■ DATASET EXCERPT:
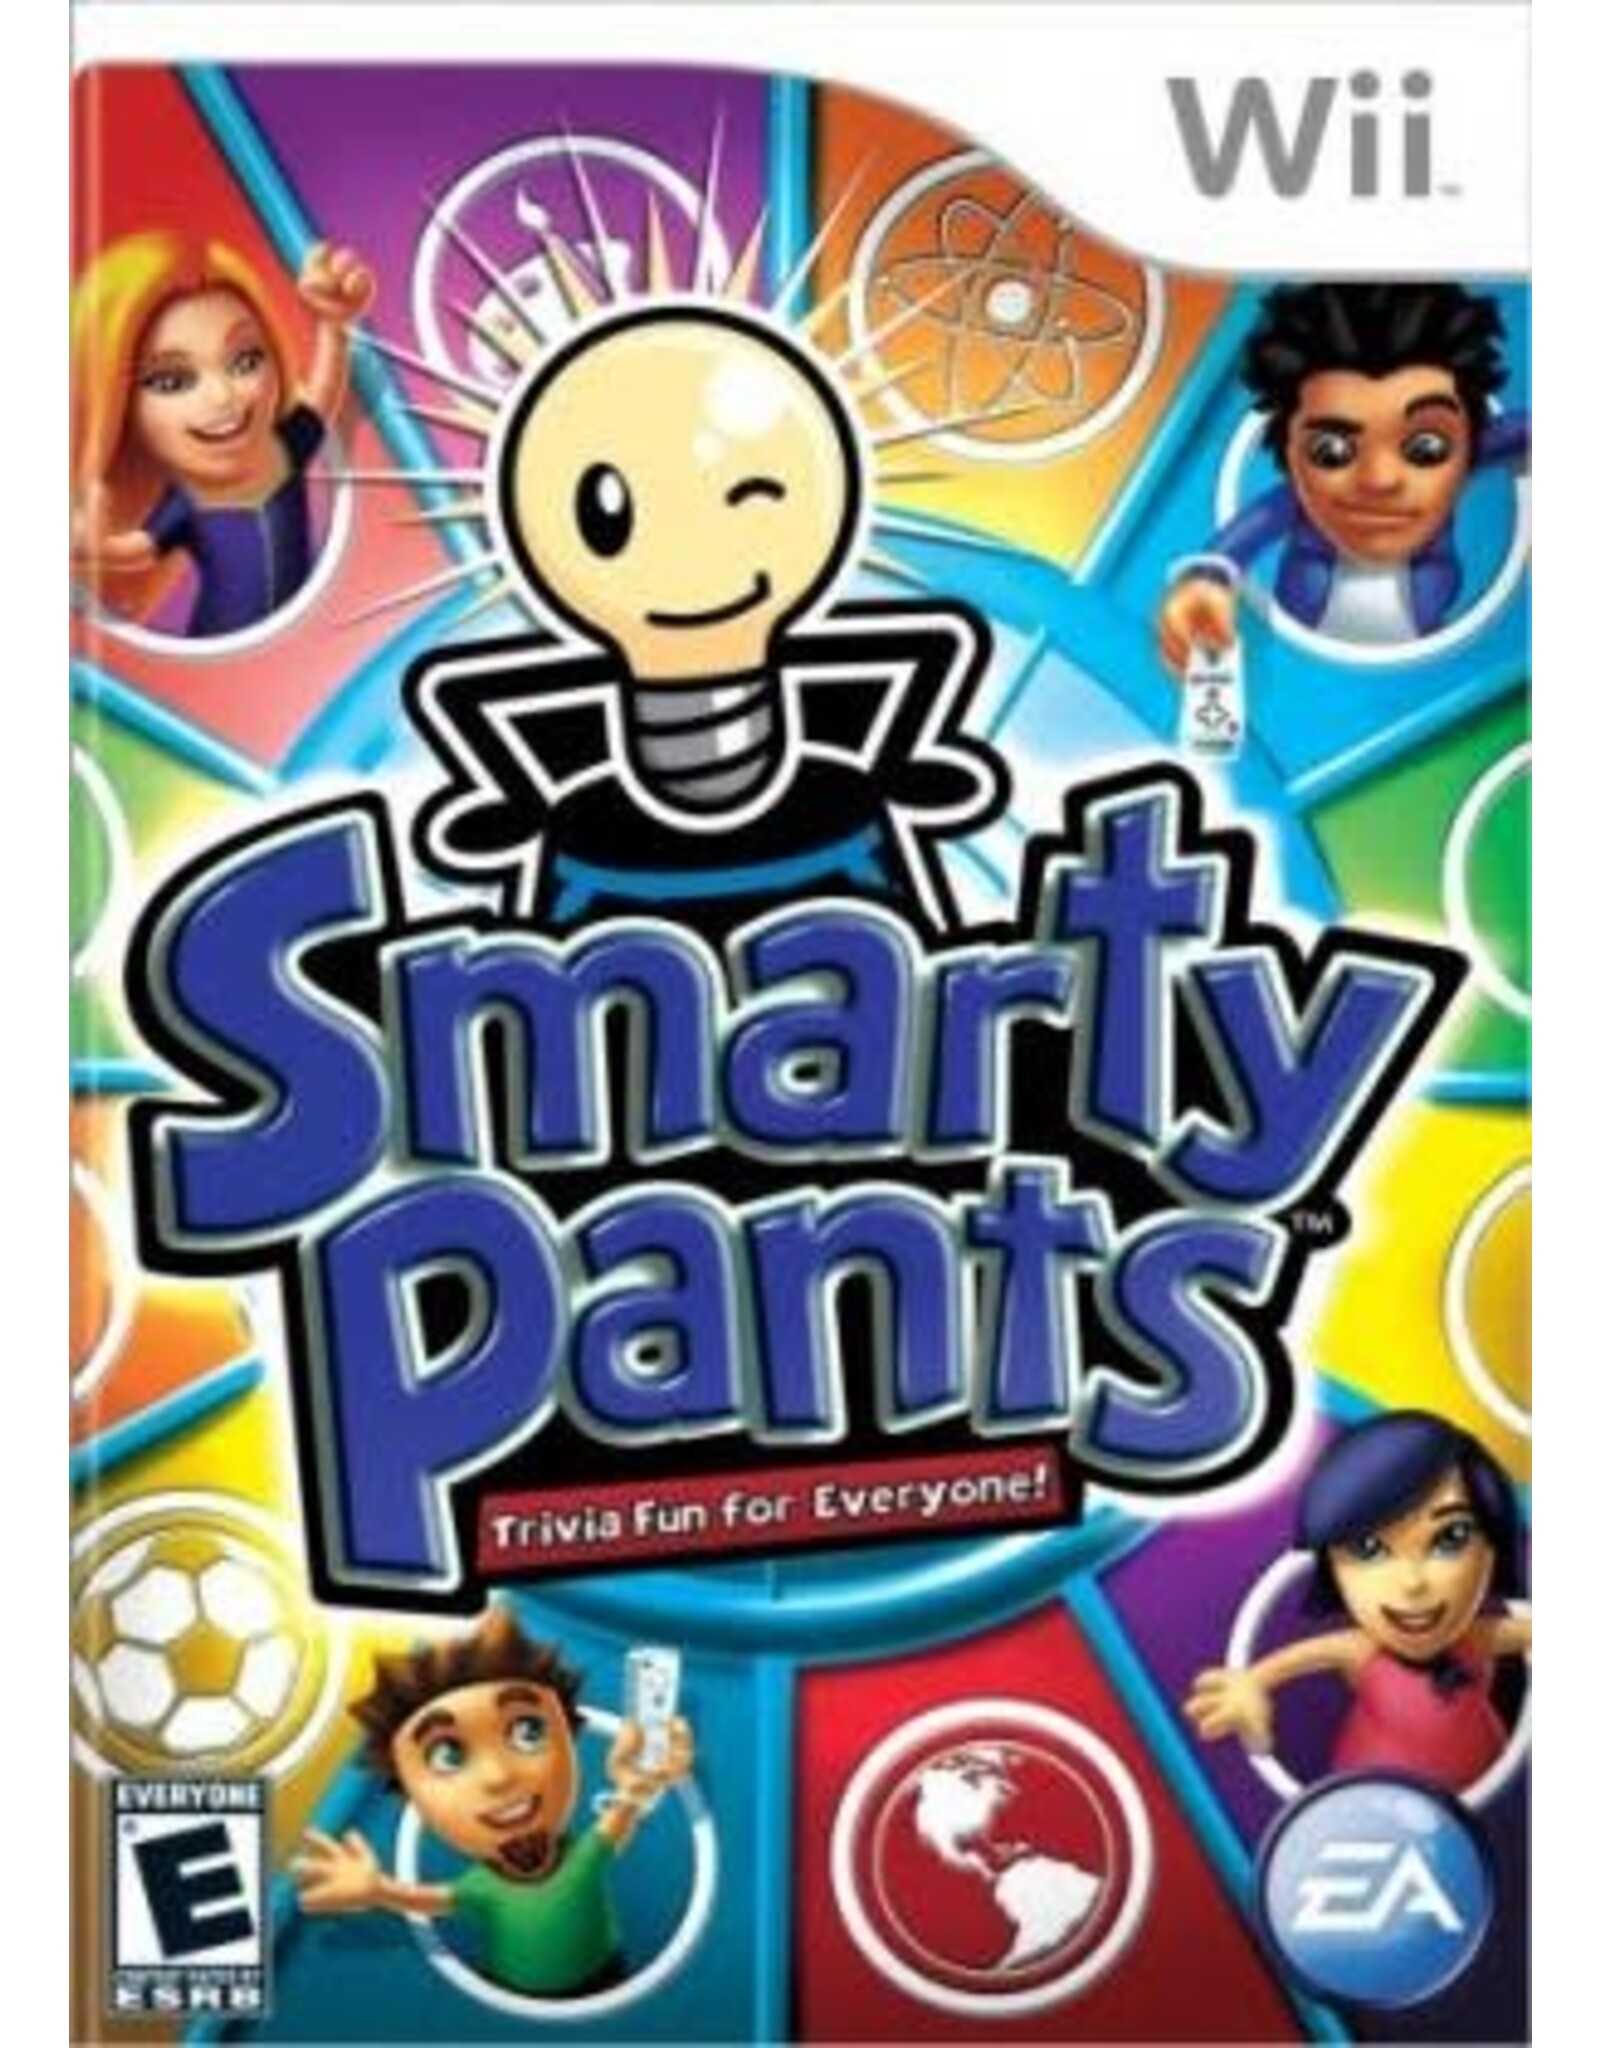 Wii Smarty Pants (Used, No Manual, Cosmetic Damage)
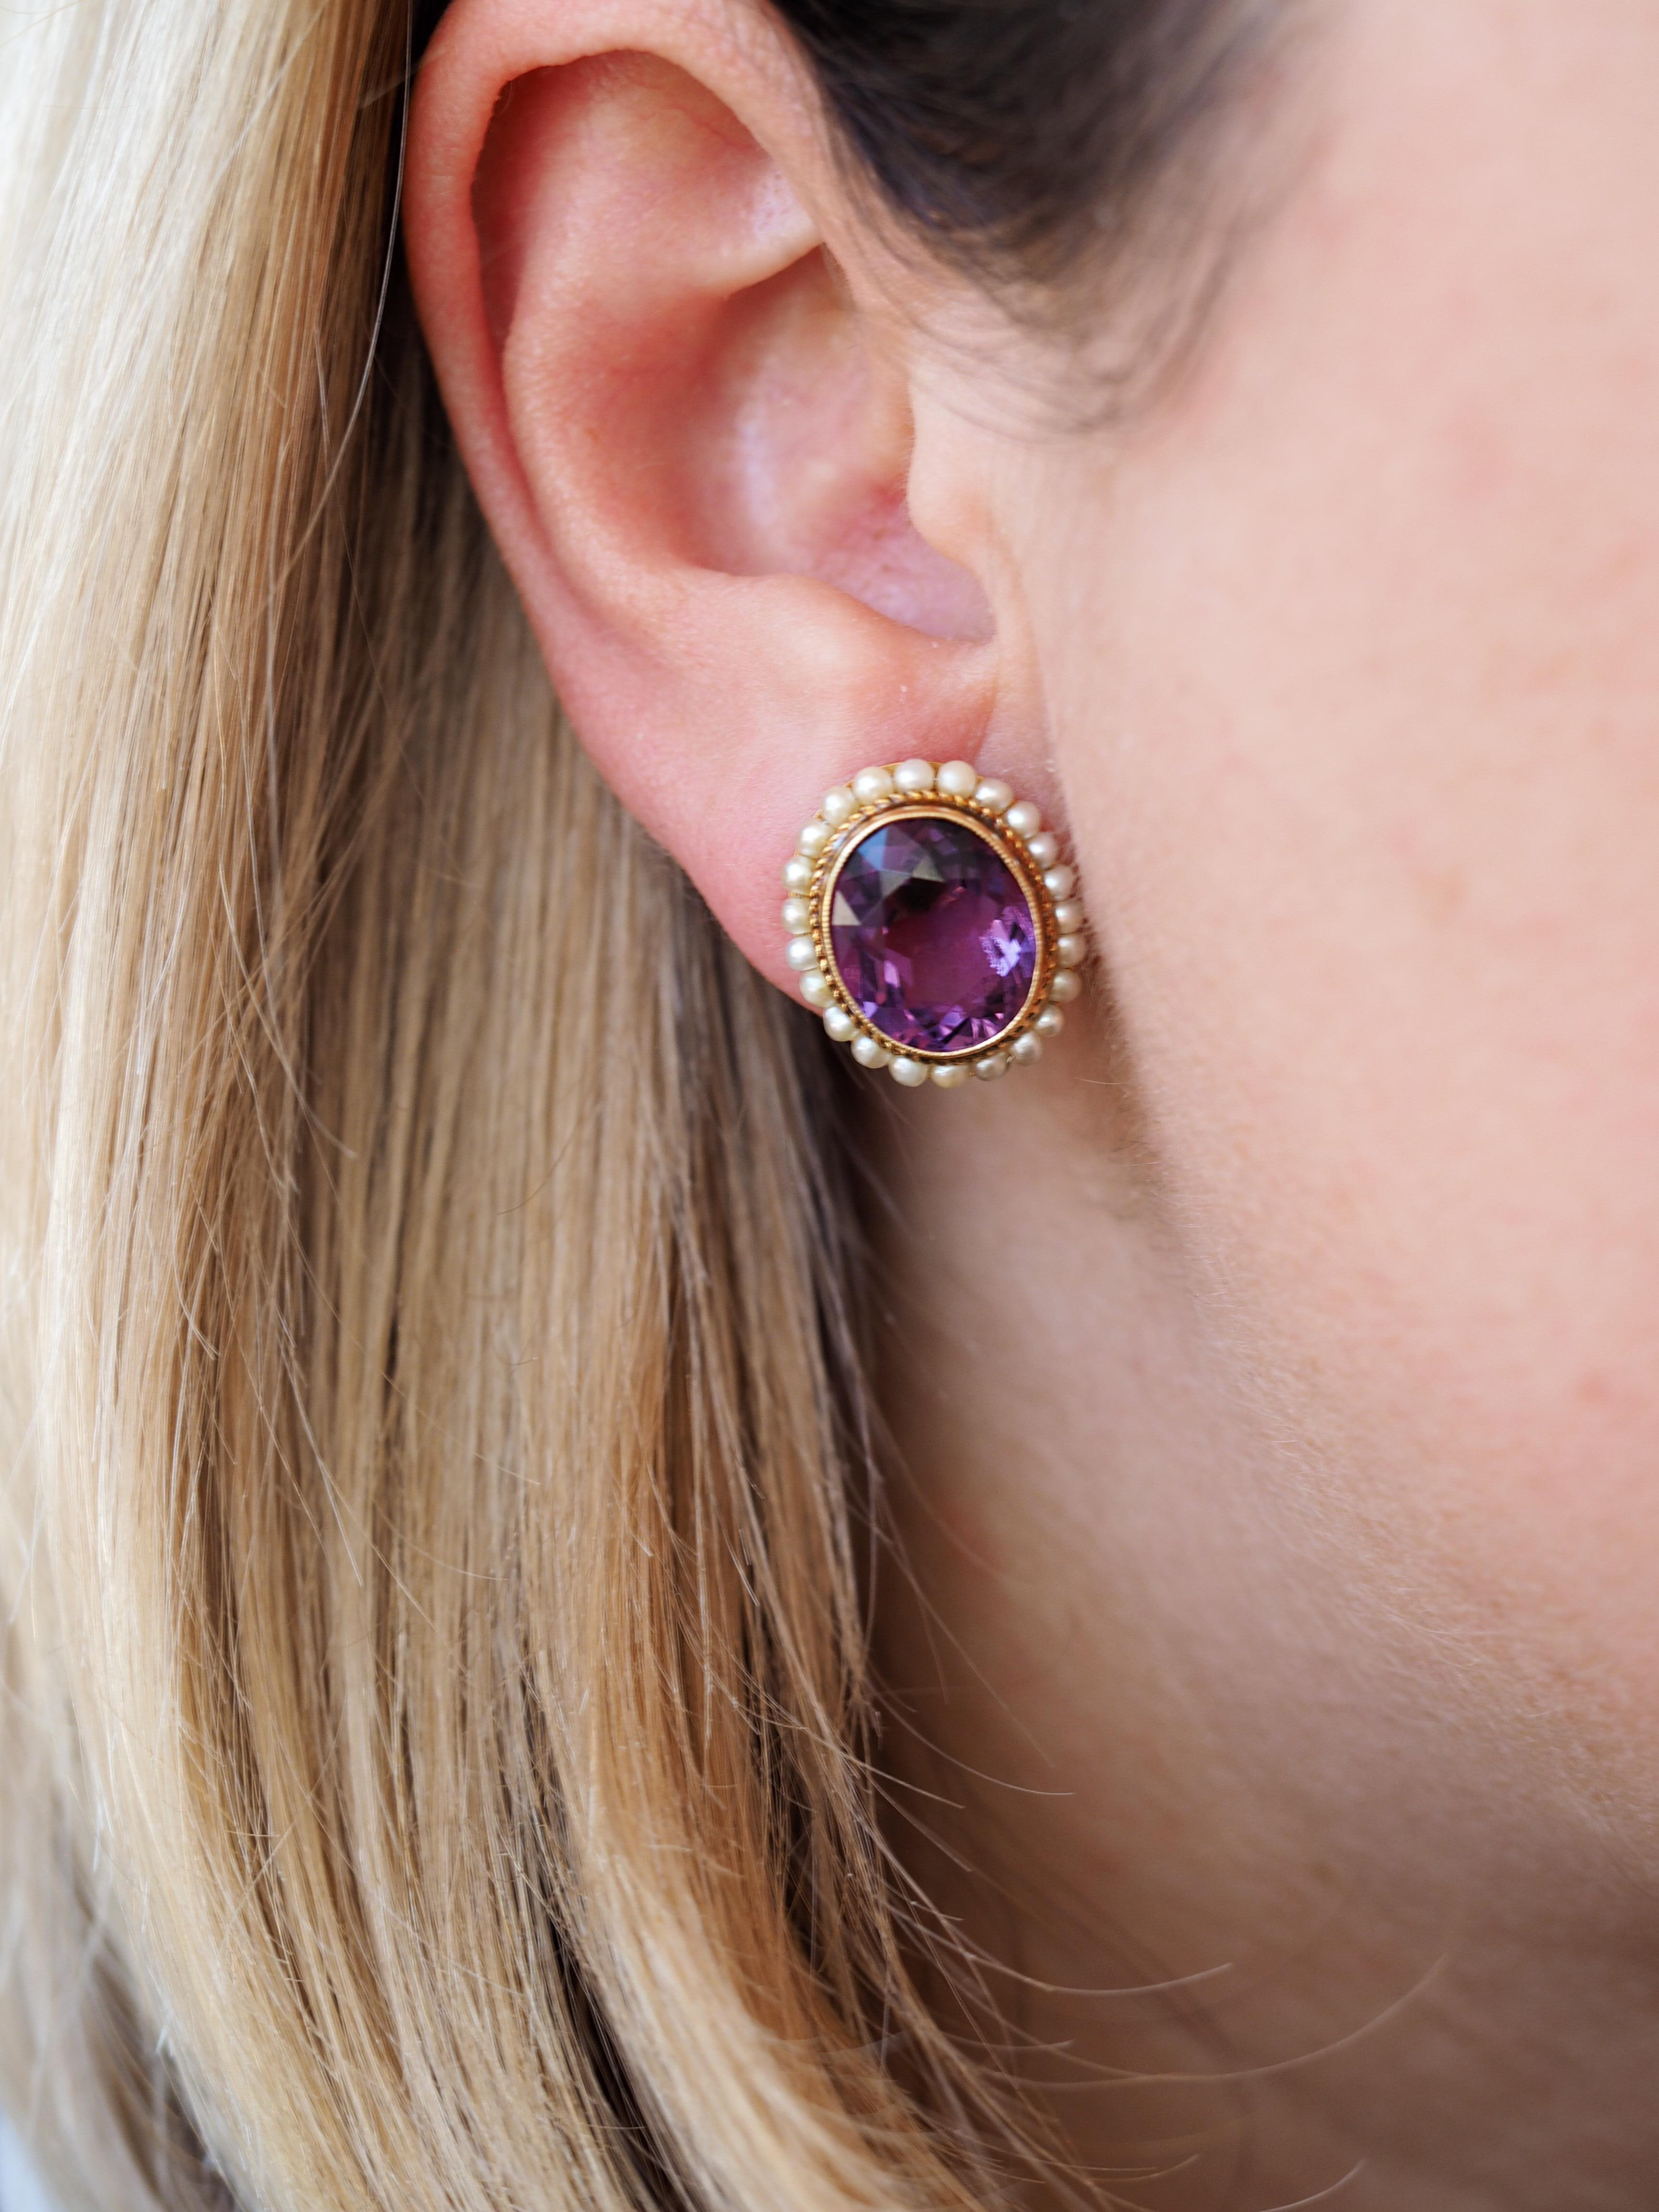 14 Karat Yellow Gold Victorian Style Oval Amethyst Earrings Bezel Set and Framed by Seed Pearls  The earrings feature a matched pair of faceted oval amethyst measuring 11.68 x 9.78 x 6.61 mm and 11.79 x 9.90 x 6.68 mm and weighing approximately 8.13
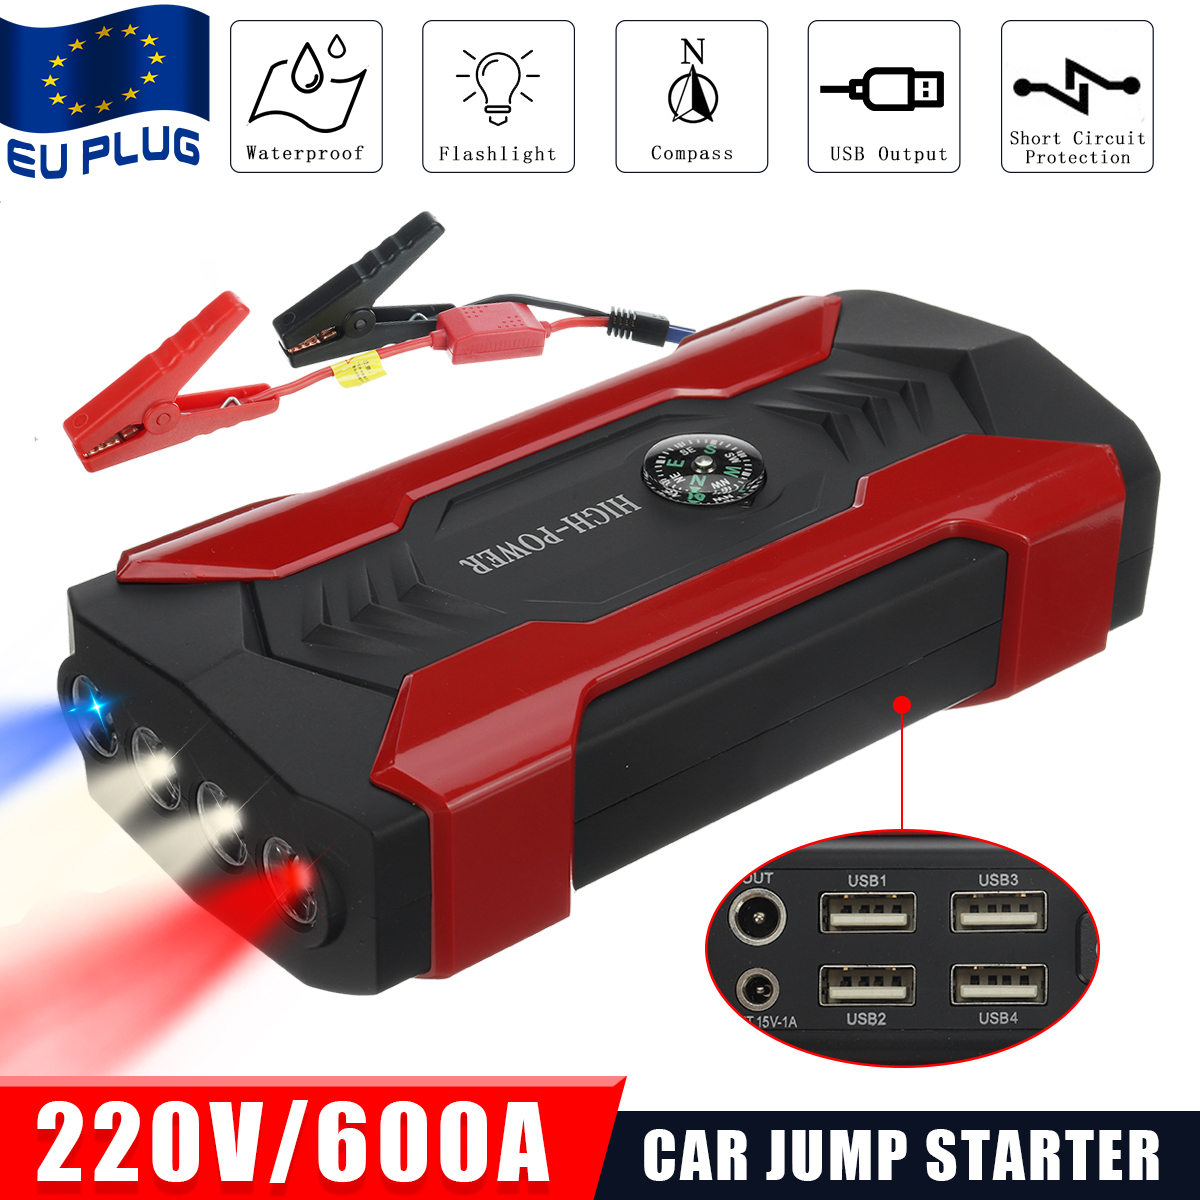 12V-Car-Jump-Starter-Battery-Booster-4USB-LED-Emergency-Auto-Quick-Charge-Power-Bank-1843625-2

■ WHAT IS BEING ASKED: Retype the data exactly; images stay out.

■ TASK SOLUTION:
 Wii Smarty Pants (Used, No Manual, Cosmetic Damage)
 14 Karat Yellow Gold Victorian Style Oval Amethyst Earrings Bezel Set and Framed by Seed Pearls  The earrings feature a matched pair of faceted oval amethyst measuring 11.68 x 9.78 x 6.61 mm and 11.79 x 9.90 x 6.68 mm and weighing approximately 8.13
 12V-Car-Jump-Starter-Battery-Booster-4USB-LED-Emergency-Auto-Quick-Charge-Power-Bank-1843625-2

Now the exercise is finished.